Forecast accuracy changes for temperatures and precipitation. Forecasting precipitation type on Day 7 is extremely difficult because the system bringing the rain/snow may not have even formed yet, or may not have even moved into the U.S. from the Pacific Ocean. Additionally, day to day changes will influence future weather patterns. So yes, there will be MANY changes as the week progresses. 

Here's what I look at when forecasting. First, I start with current conditions. You cannot understand what’s to come unless you know what is happening right now. I will also look at reanalysis data and figure out why the changes occurred.

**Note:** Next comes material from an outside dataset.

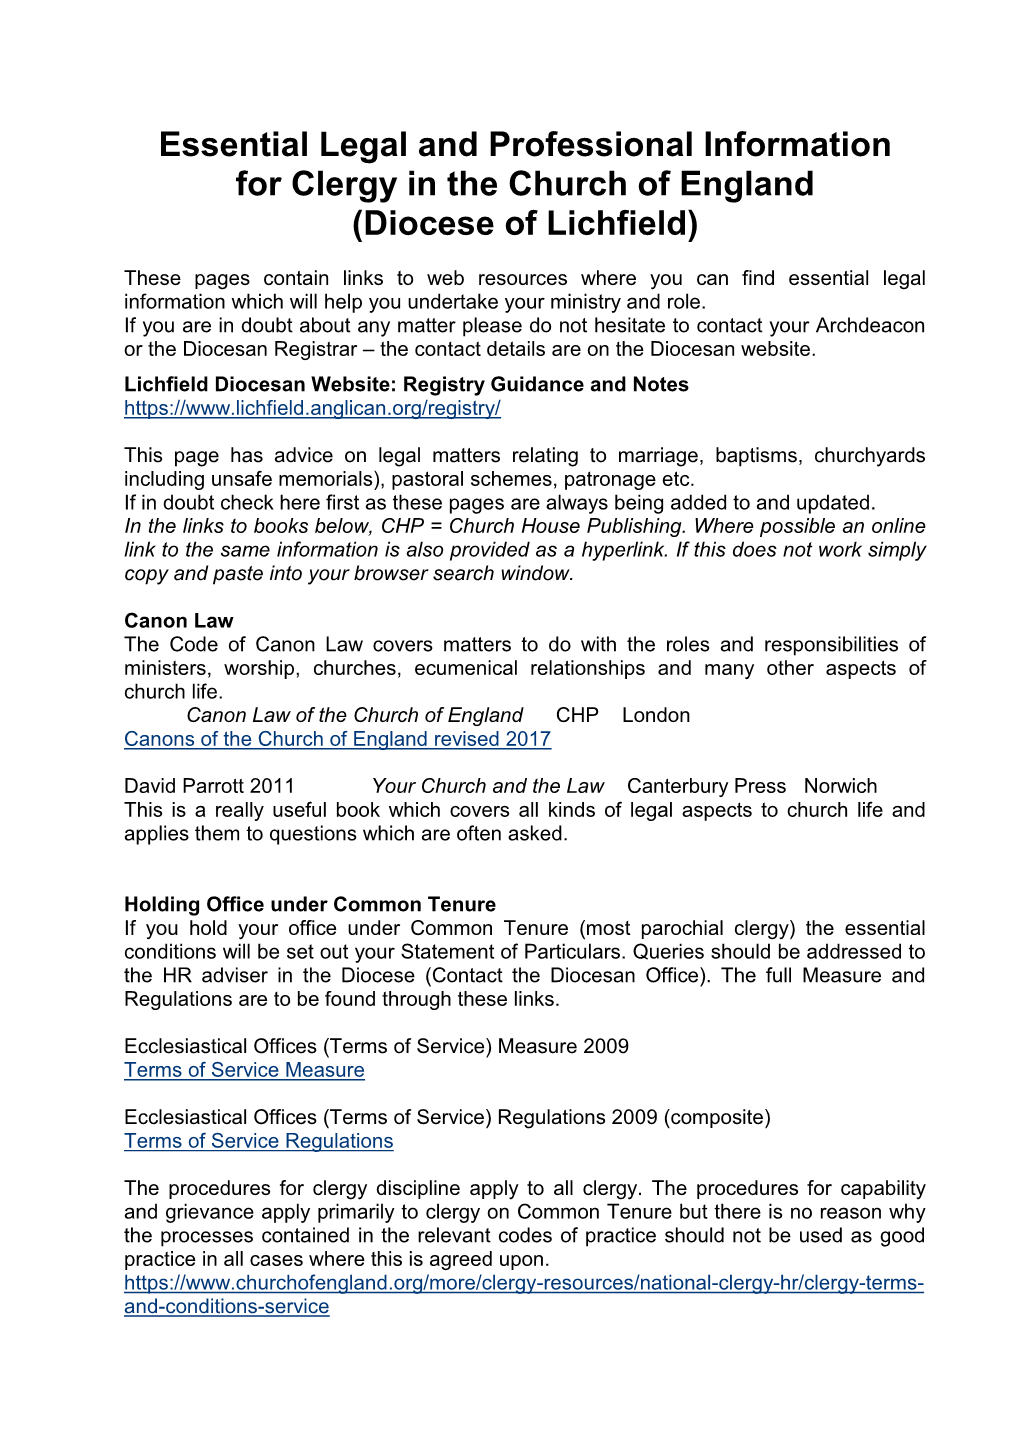 Essential Legal and Professional Information for Clergy in the Church of England (Diocese of Lichfield)
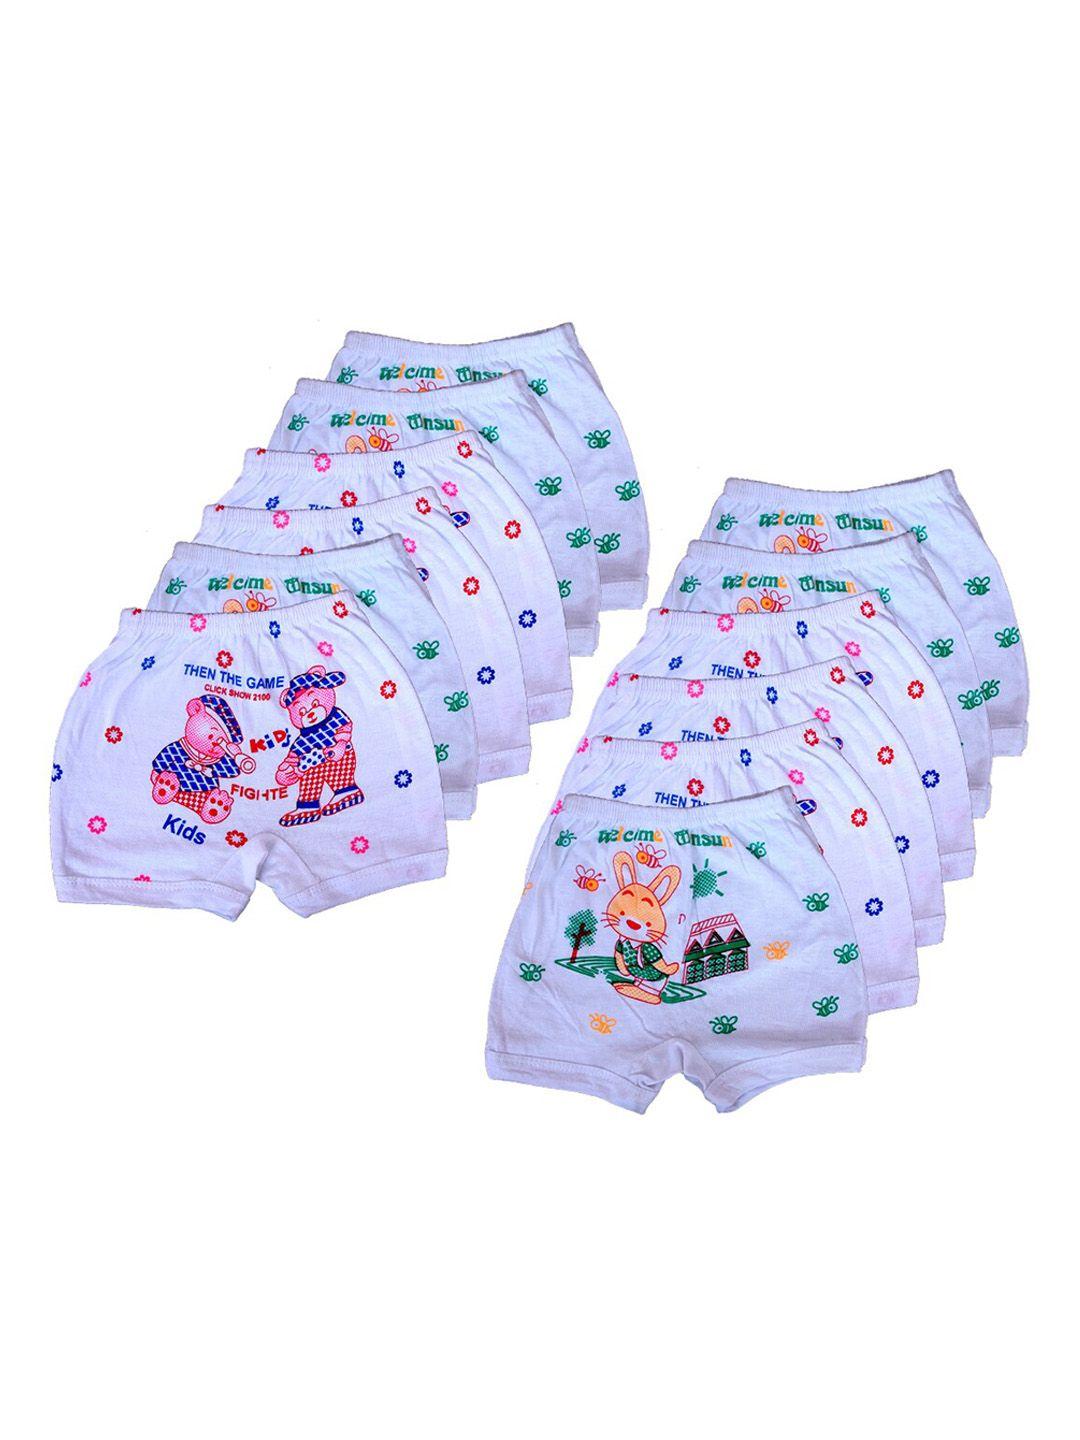 baesd infants pack of 12 printed cotton basic briefs 55_w.s.p_po-12

After analyzing current conditions, the forecasting begins. Starting with the upper levels of the atmosphere I determine where the troughs, ridges, and areas of ascent and descent are located. I identify the jet streaks and how they develop over time. After getting a full view of the upper levels, I work my way down. At the mid-levels I’m analyzing how those troughs and ridges are stacked with height. I forecast mid-level warm and cold fronts. I look at instability and moisture, and how high up the moisture extends. Finally, I make my way down to the surface. I analyze the temperatures, moisture, and pressure. I look at the winds, the direction they’re coming from, and how winds change with time. I’ll also examine the instability and how it changes throughout the day. When looking at the surface levels, I forecast the fronts and how they progress. What factors may strengthen or weaken them? Will the front speed up or slow down?

Difficult, right? Forecasting gets even more complicated when it comes to severe or winter weather. There will always be uncertainty in forecasts as the atmosphere is a complex three dimensional, dynamic, and thermodynamic fluid. Meteorology is a puzzle, but I will always do my best to put the pieces together.